Non-fiction c Алексеем Михеевым
Опубликовано в журнале Иностранная литература, номер 3, 2009
Издательство «Новое литературное обозрение» уверенно
лидирует в моем персональном рейтинге книг нон-фикшн. И, конечно же, Путешествия с Геродотом Рышарда Капущинского я никак не мог обойти вниманием. В «ИЛ»
публиковались фрагменты нескольких книг этого замечательного писателя (так, к
сожалению, и не получившего Нобелевскую премию, которую ему в последние годы
вовсю прочили): об Иране («Шахиншах», 1980, № 4) и Эфиопии («Император», 1987,
№ 6); африканские очерки («Черное дерево», 2000, № 8) и краткие дневниковые
записи («Лапидарий», 1993, № 4). Польский оригинал «Путешествий с Геродотом»
появился в редакции «ИЛ» еще три года назад, и тогда же была задумана — как
альтернатива «неформатному» для журнала полному переводу — публикация в рубрике
«Путешествие по книге». Журнальная публикация не сложилась, зато полный текст
книги вышел в 2008 году в уже хорошо известной серии «Современное европейское
письмо» в переводе Ю. Чайникова.
Последняя книга скончавшегося в 2007 году
Капущинского стала для него итоговой и во многом обобщающей. Путешествовать ему
было предназначено судьбой. В оттепельном 1955 году, после университета, он
начал работать в главной польской молодежной газете «Штандар млодых», и уже
через год (в возрасте 24 лет) его отправили корреспондентом в Индию. Первой моей реакцией было потрясение, —
вспоминает автор. — И сразу — паника: я
ничего не знаю об Индии. Лихорадочно ищу какие-нибудь ассоциации, образы,
названия. Ничего не нашел: об Индии я не знал ничего. Единственным
«помощником» для Капущинского стала выданная ему редакционной начальницей
«История» Геродота: От меня, в дорогу.
Точнее, Геродот стал не столько помощником, сколько «попутчиком»: дело не в
том, что из «Истории» можно было извлечь полезную информацию о стране (этого,
понятно, там и не могло быть), а в том, что Геродот задал некую тональность,
послужил своего рода «камертоном» для складывающегося способа мышления молодого
журналиста. И неслучайно в «итоговой» книге Капущинского он возвращается к той
исходной точке, которая положила начало череде его исключительно плодотворных
путешествий — прежде всего по странам Азии и Африки.

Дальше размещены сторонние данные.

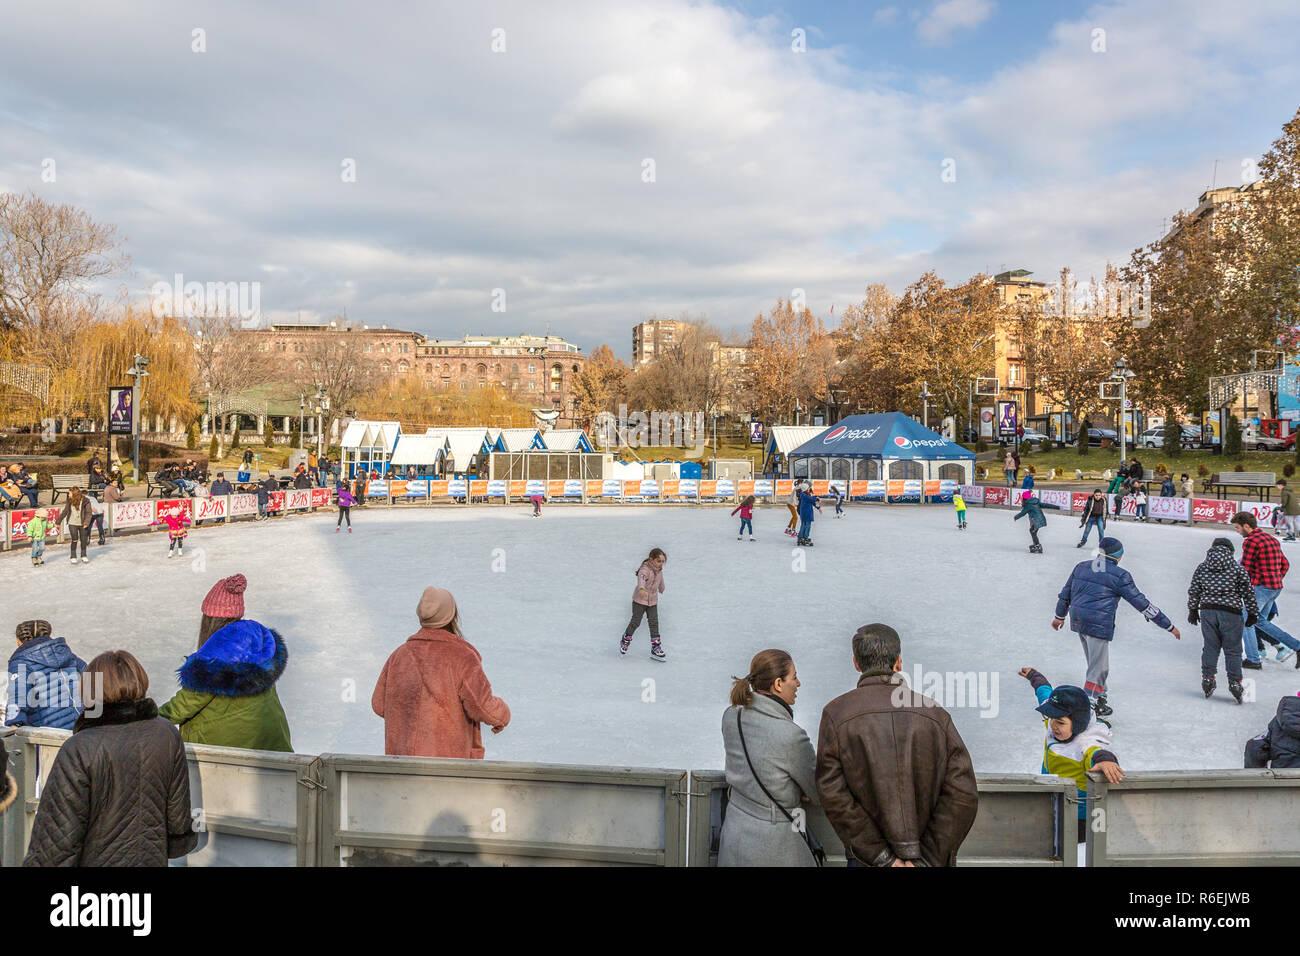 Yerevan, Armenia - Jan 8th 2018 - Tourists and locals enjoying an ice-skating park in Yerevan, winter time in Armenia Stock Photo

Читая в своих дальних вояжах Геродота, Капущинский по мере чтения стал участвовать сразу в двух
путешествиях: в одном — репортерском, по заданию газеты, и в другом — вместе с
автором «Истории». И именно это, наверное, в первую очередь и придало
репортажам (а впоследствии — и книгам) Капущинского специфическую объемность:
вслед за Геродотом он не хочет быть пассивным
слушателем, безучастным хроникером, он стремится участвовать в созидании этого
прекрасного искусства, каковым является история — сегодняшняя, вчерашняя,
совсем давняя.
Как и для Геродота, мир для Капущинского разделен на
две части. Первая — это привычная и понятная нам западная культура (в
геродотовскую эпоху — мир греческих полисов, в нынешнюю — ареал европейской
цивилизации); вторая же — то, что сегодня мы называем третьим миром. И
принципиально важными здесь оказываются две вещи. Первая — то, что третий мир
отнюдь не однороден, а исключительно многообразен. И Геродот с детским восторгом и горячностью познает свои миры. Самое
важное его открытие, что миров много. И что все они — разные. А вторая вещь
— что по-настоящему познать эти миры можно, лишь побывав в них, «пощупав»
своими руками, погрузившись в их ежедневный быт. А еще — спроецировав осязаемый
мир настоящего на существующий в пересказах, мифах и легендах мир прошлого. И в
«Путешествиях с Геродотом» Капущинский постоянно пытается синтезировать эти,
условно говоря, «этнографический» и «исторический» подходы: попадая в очередное
«достопримечательное» место, он мысленно реконструирует события многовековой
давности, делая акцент на обыденных деталях и выстраивая, например,
воображаемую картину некоей исторической битвы не «с высоты птичьего полета»
(как на страницах исторических учебников), а представляя ее в ощущениях
отдельных участников — от вождя до простого солдата.
Программный тезис Капущинского: Другие миры, другие культуры — суть зеркала, в которые смотримся мы и
наша культура. Благодаря которым мы лучше понимаем самих себя, ибо мы не сможем
познать себя, пока не столкнемся с другими. И для российского читателя
особый интерес поэтому представляет «Империя» — опубликованная в 1993 году
книга Капущинского об уже исчезнувшем с карты мира Советском Союзе; полный
перевод «Империи» должен появиться в этом году.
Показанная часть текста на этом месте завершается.